First, we must focus on what is possible. The military government in Myanmar has committed itself to elections in 2010, as part of its announced “seven steps toward democracy.” Many point out that the Constitution approved last year in a plebiscite is flawed, since it would allow the military to largely continue its domination of the government, and that the approval process itself was questionable. The legislation to put the Constitution into force has yet to be drafted. The National League for Democracy, Aung San Suu Kyi’s political party, has not agreed to participate in next year’s elections.

But there is room for engagement. Many Asian countries — China among them — do not even allow opposition parties. The National League for Democracy might consider the advantages of participation as part of a longer-term political strategy. And the United States could invigorate the debate with an offer to help assist the electoral process. The Myanmar government’s answer to such an offer would be revealing.

Second, the United States needs to develop clearly articulated standards for its relations with the nondemocratic world. Our distinct policies toward different countries amount to a form of situational ethics that does not translate well into clear-headed diplomacy. We must talk to Myanmar’s leaders. This does not mean that we should abandon our aspirations for a free and open Burmese society, but that our goal will be achieved only through a different course of action.

The United States refused to talk to the Chinese until 1971, more than 20 years after the Communist takeover, and did not resume full diplomatic relations until 1979. And yet China, with whom we seem inextricably tied both as a business partner and a strategic competitor, has no democracy and has never held a national election.

The Hanoi government agreed to internationally supervised elections for Vietnam in 1973, as a result of the Paris peace talks; Washington did not raise this as a precondition to furthering relations. As someone who has worked hard to build a bridge between Hanoi and America’s strongly anticommunist Vietnamese community, I believe the greatest factor in creating a more open society inside Vietnam was the removal of America’s trade embargo in 1994.

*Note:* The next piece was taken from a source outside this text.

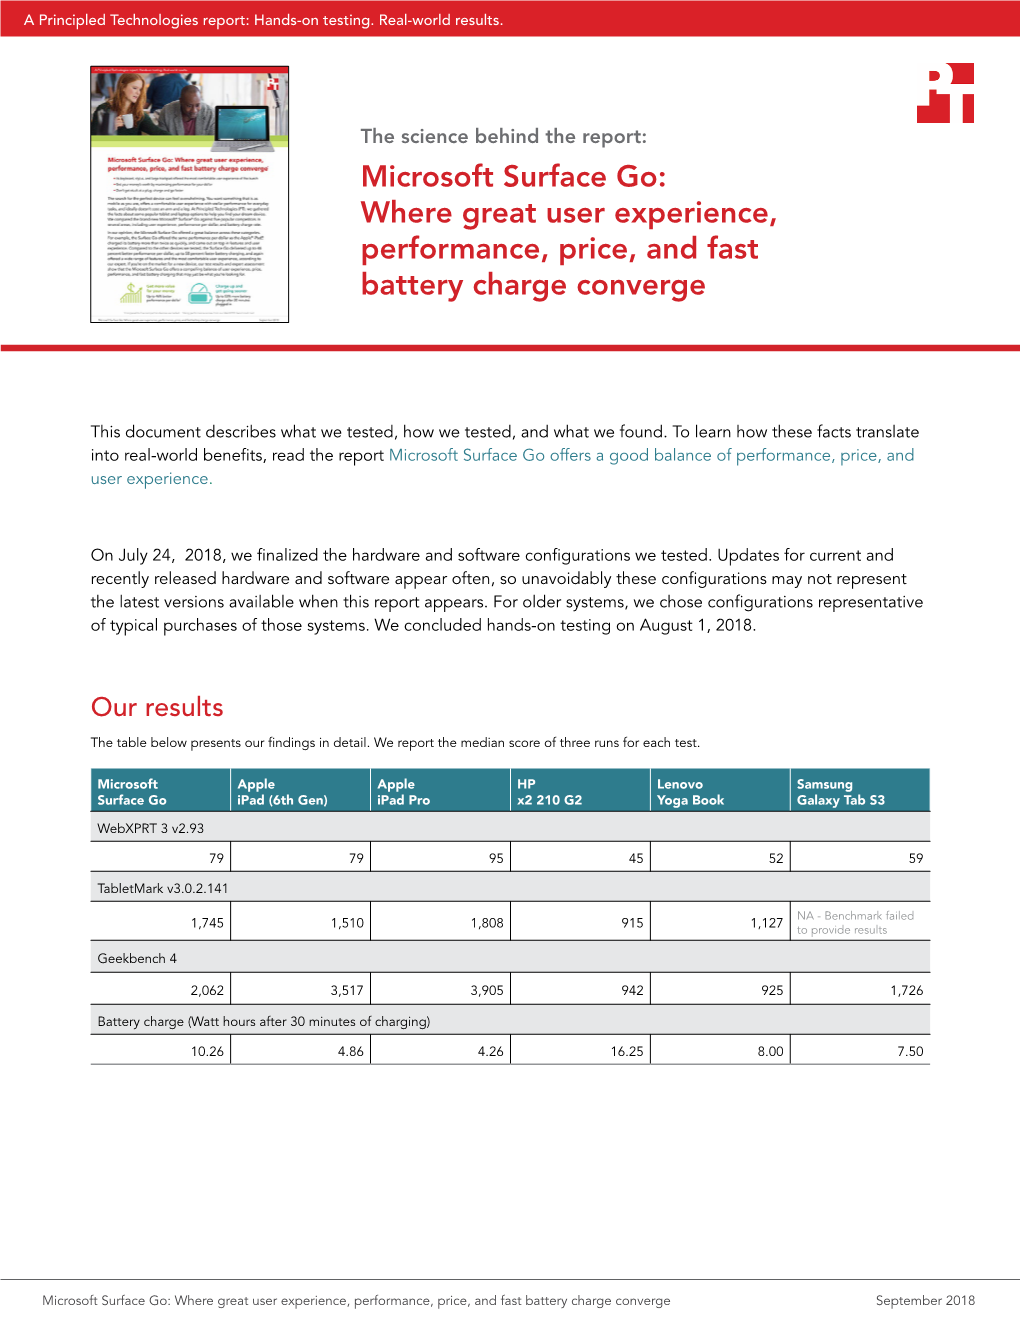 Microsoft Surface Go Benchmark Testing Comparison Science

Third, our government leaders should call on China to end its silence about the situation in Myanmar, and to act responsibly, in keeping with its role as an ascending world power. Americans should not hold their collective breaths that China will give up the huge strategic advantage it has gained as a result of our current policies. But such a gesture from our government would hold far more sway in world opinion than has the repeated but predictable condemnation of Myanmar’s military government.

Finally, with respect to reducing sanctions, we should proceed carefully but immediately. If there is reciprocation from the government of Myanmar in terms of removing the obstacles that now confront us, there would be several ways for our two governments to move forward. We could begin with humanitarian projects. We might also seek cooperation on our long-held desire to recover the remains of World War II airmen at crash sites in the country’s north.

Our ultimate goal, as it always has been, should be to encourage Myanmar to become a responsible member of the world community, and to end the isolation of its people so that they can live in economic prosperity, under an open political system.

Jim Webb is a Democratic senator from Virginia.